Crime Doesn’t Pay!

My father was never one to teach me, he was one to stand back and let the scars of learning happen — Christopher Titus

I can’t seem to get up early during the week to save my life, a combination of not wanting to stick   everybody in daycare for more than a few hours at a time and dreading facing the toil of the day.   Redecorating the bedroom with wooden blinds has helped me achieve my goal!   Alana is down with my plan.   G, unfortunately, is not.   7:30 at the latest and she is up, even when she sleeps less than 8 hours.

Beckie has taken to making G breakfast and turning on a movie before she leaves for work, which has enabled my lethargy.   Its also given G free reign over the house for stretches each morning.   Sometimes this is quite funny – I wake to find stuffed animals organized by phylum, food stains arrayed in the style of Jackson Pollock, or G lording over toys long forgotten as her boredom leads her exploring into the darkest corners of her toyboxes.   Sometimes I wake to find her ready to burn the house down, sodomize the cat with a popsicle, or reboot the internet.

She is particularly fond of band-aids.   Sometimes she will paste 3 or 4 of them all over her legs.   Her loss ratio with band-aids is not good, and usually half a box is ruined in the process.   When I hear the clank clank clank of her rattling around in the medicine cabinet or climbing on the counters, I know she is up to no good.   I’ll roll over, tell her to go watch TV, and toss a pillow in her direction.   Then I hear thump thump thump thump thump thump as she sprints back to the other side of the house.
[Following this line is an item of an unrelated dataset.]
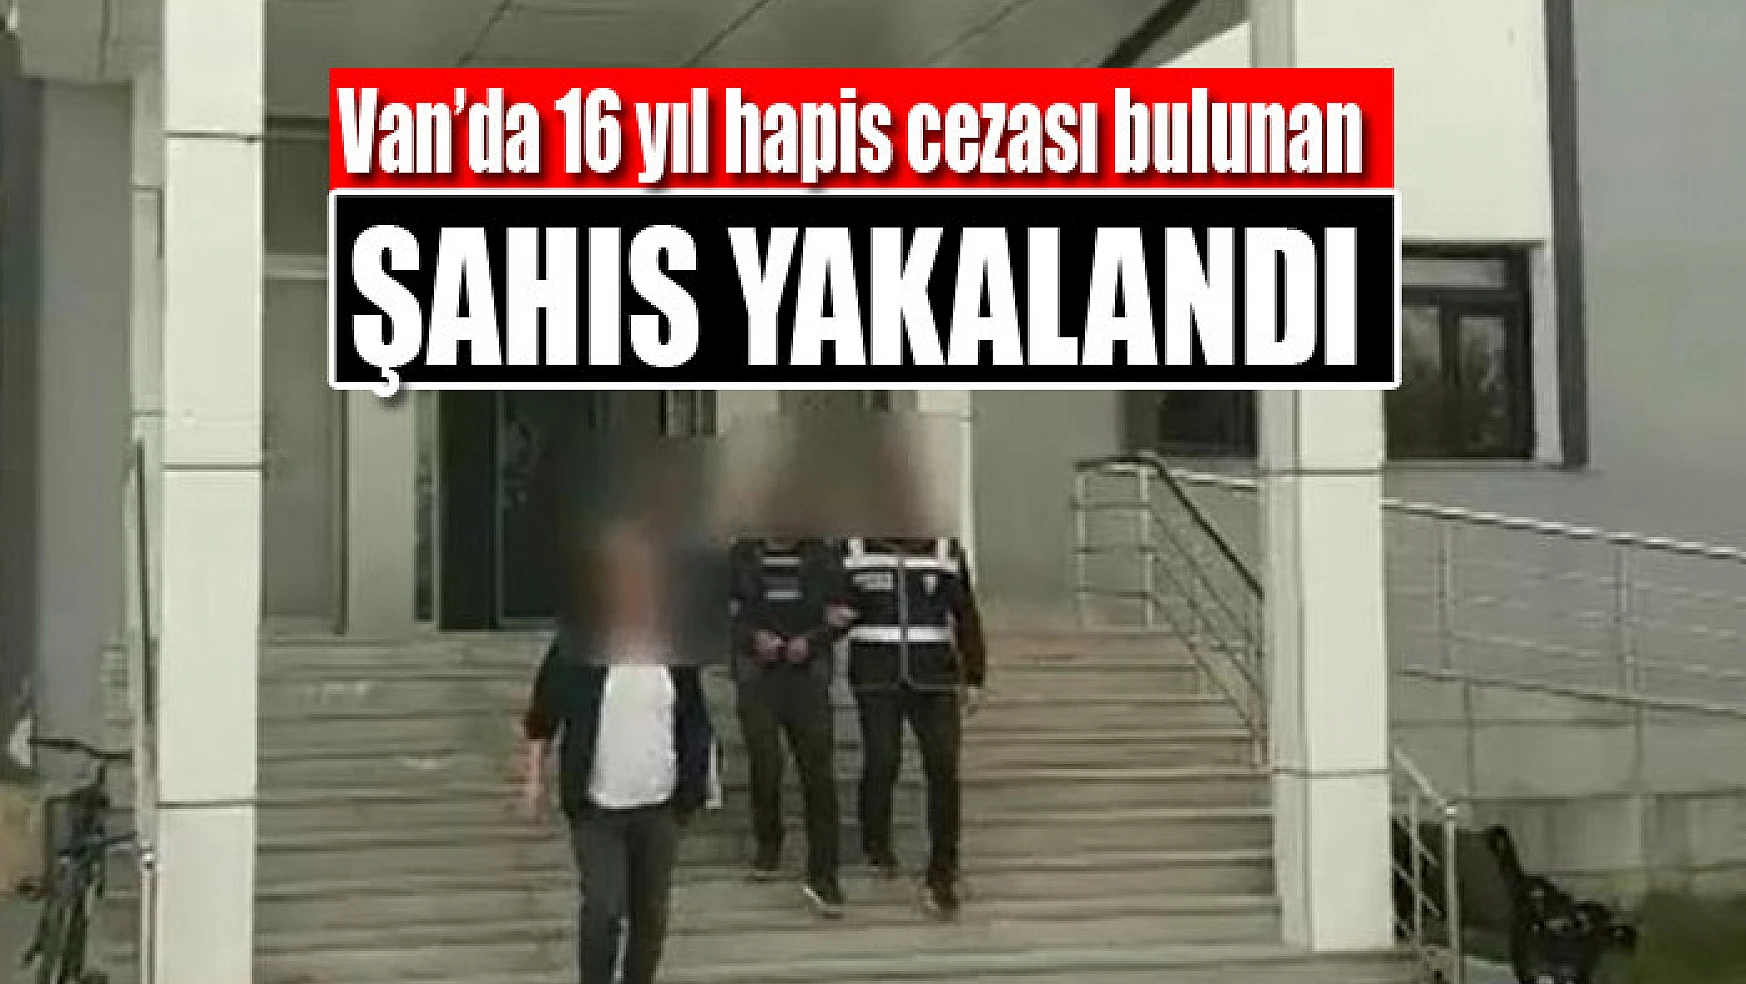 Van'da 16 yıl hapis cezası bulunan şahıs yakalandı
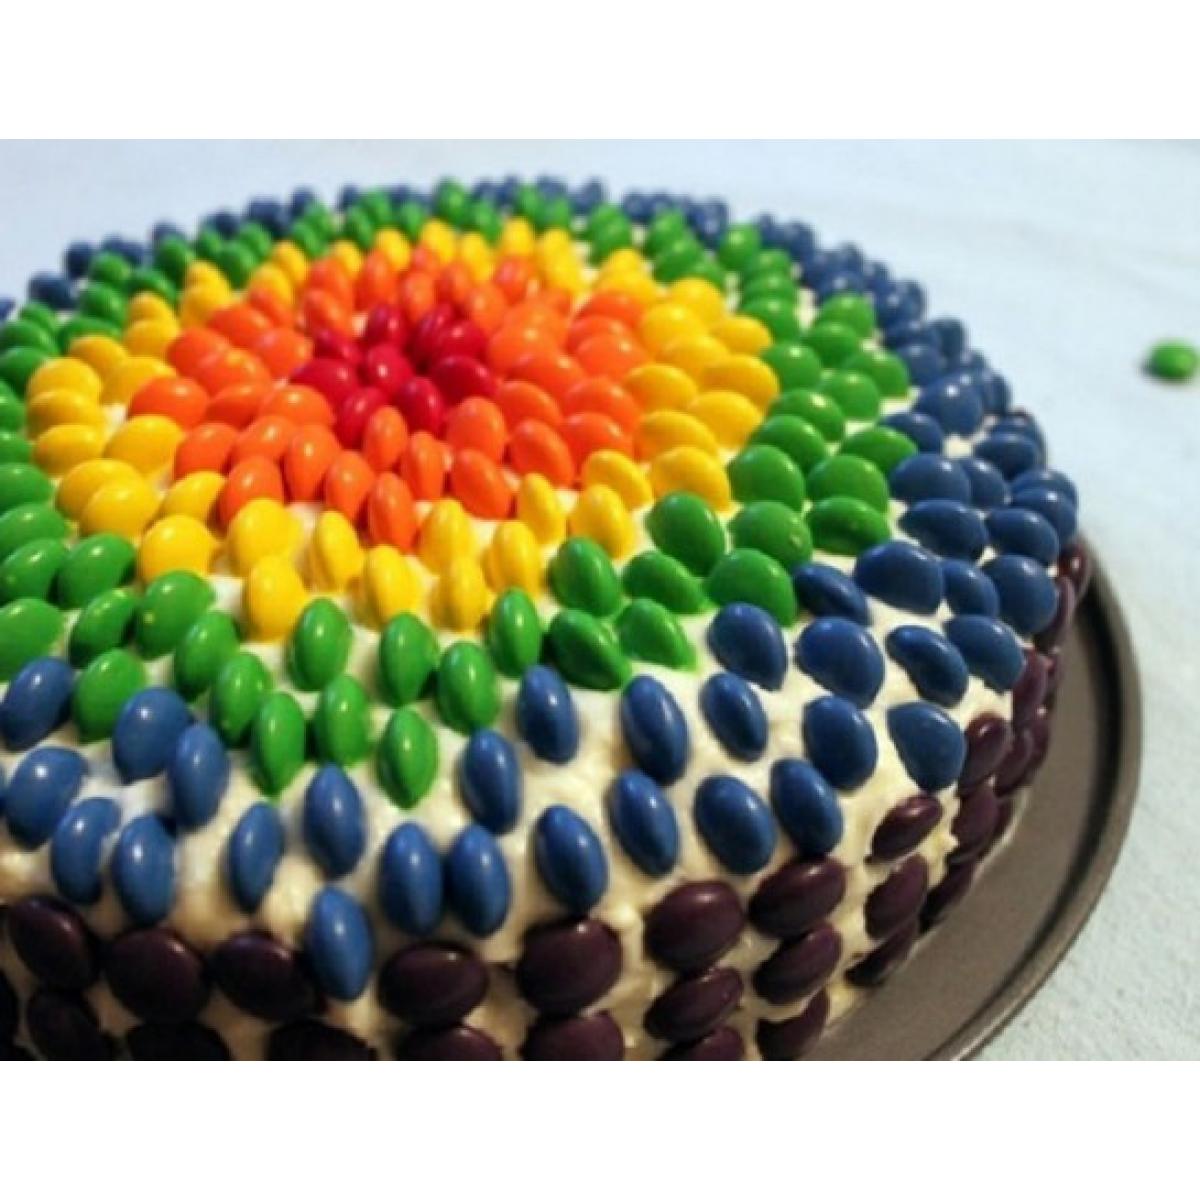 Чем украсить торт в домашних условиях на день рождения: Как украсить торт на день рождения? — ISaloni — студия интерьера, салон обоев

Yesterday the telltale noises intruded into my dreams, several times.   Once I cracked open an eye and saw her crawling across the bedroom floor and under a stool with a devilish smile on her face as she tried to sneak by me.     The band-aids were safe as she was busy playing with toothpaste.   I also have a tube of…ahem…steroid-based anti-inflammatory cream used to…ahem…ease some taintal-oriented saddle pain I was getting.   The tube is about an ounce, and looks like a container of kid-sized toothpastes.   Much of it was gone when I found it this morning, along with several white-streaked washcloths.   G asked me for a water bottle and said her mouth tasted funny.

I am confident in my methods of high-quality parenting.